Eğer konu, iktisadi kıymetin elden çıkarılmasından sağlanan hasılatın yine başka bir iktisadi kıymet yatırımına yönlendirilmiş olması ise, bu durumda olaya mali yapının güçlendirilmesi açısından başka bir bakış tarzı ile yaklaşılması gerekecektir.
Madde gerekçesinde dahi bir taşınmaz satışından elde edilen hasılatın başka bir taşınmaz alımına kanalize edilmiş olması durumunun, olayın özelliği dikkate alınarak istisnanın getiriliş amacına uygun olduğu değerlendirmesi, bu konuda mükelleflerin yapmış olduğu işlemlerin, işlem özeli ve olayın mahiyetine göre ayrıca değerlendirilmesini zorunlu kılmaktadır. Tabi bunu ifade ederken, mali yapının güçlendirilmesi amacına yönelik Kanunun ilgili maddesi lafzında herhangi bir kural bulunmadığını, mali yapının güçlendirilmesinin teşviki gayesine madde gerekçesinde yer verildiğini de ilave etmekte yarar var.

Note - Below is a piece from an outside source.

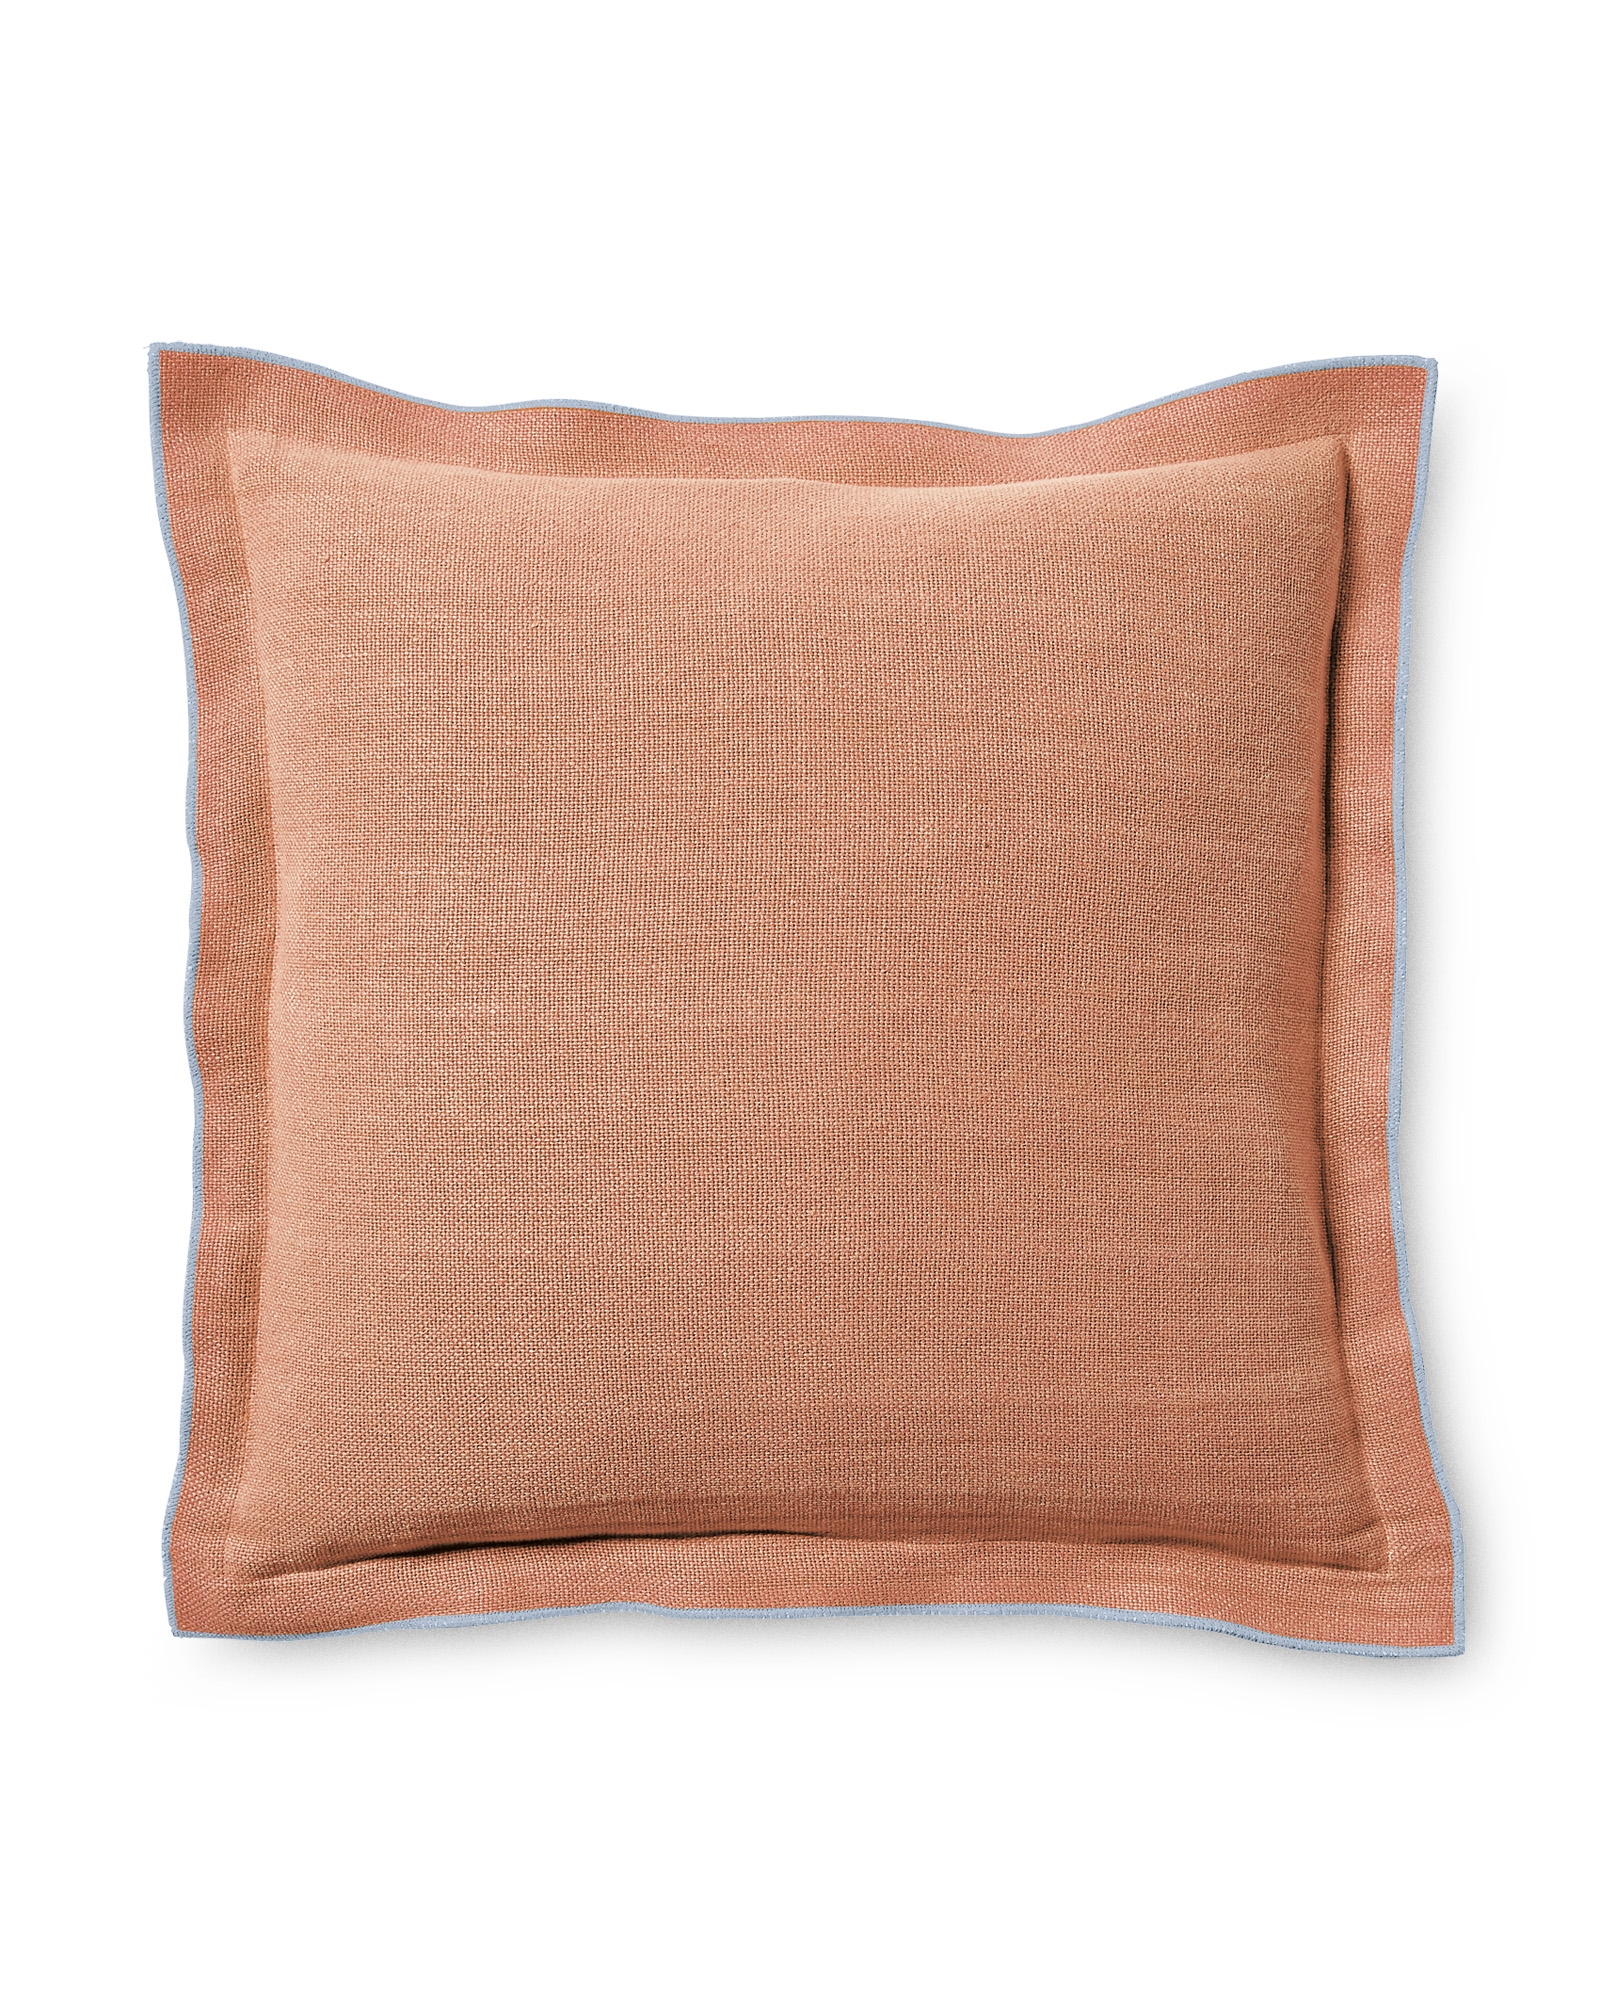 Chatham Pillow Covers - Image 0

Netice olarak, 5520 sayılı Kanunun 5/1-e maddesi uyarınca kar yedeği olarak ayrılan kazanç kısmının, kar dağıtımı, sermaye azaltımı ya da tasfiye gibi nedenlerle işletmeden çekilmediği ya da ortaklar cari hesabına virman edilmek gibi dolaylı olarak işletmeden çekilmiş sayılmasına yol açacak şekilde başka bir hesaba aktarılmadığı takdirde, sadece satıştan elde edilen hasılatın işletme faaliyetlerinde kullanılmış olmasının kazancın başka bir hesaba aktarıldığı gerekçesi ile istisna uygulamasına aykırılık gerekçesi ile eleştirilmesi, 5520 sayılı Kanun ve ilgili mevzuat açısından doğru ve beklenen bir yaklaşım olmayacaktır.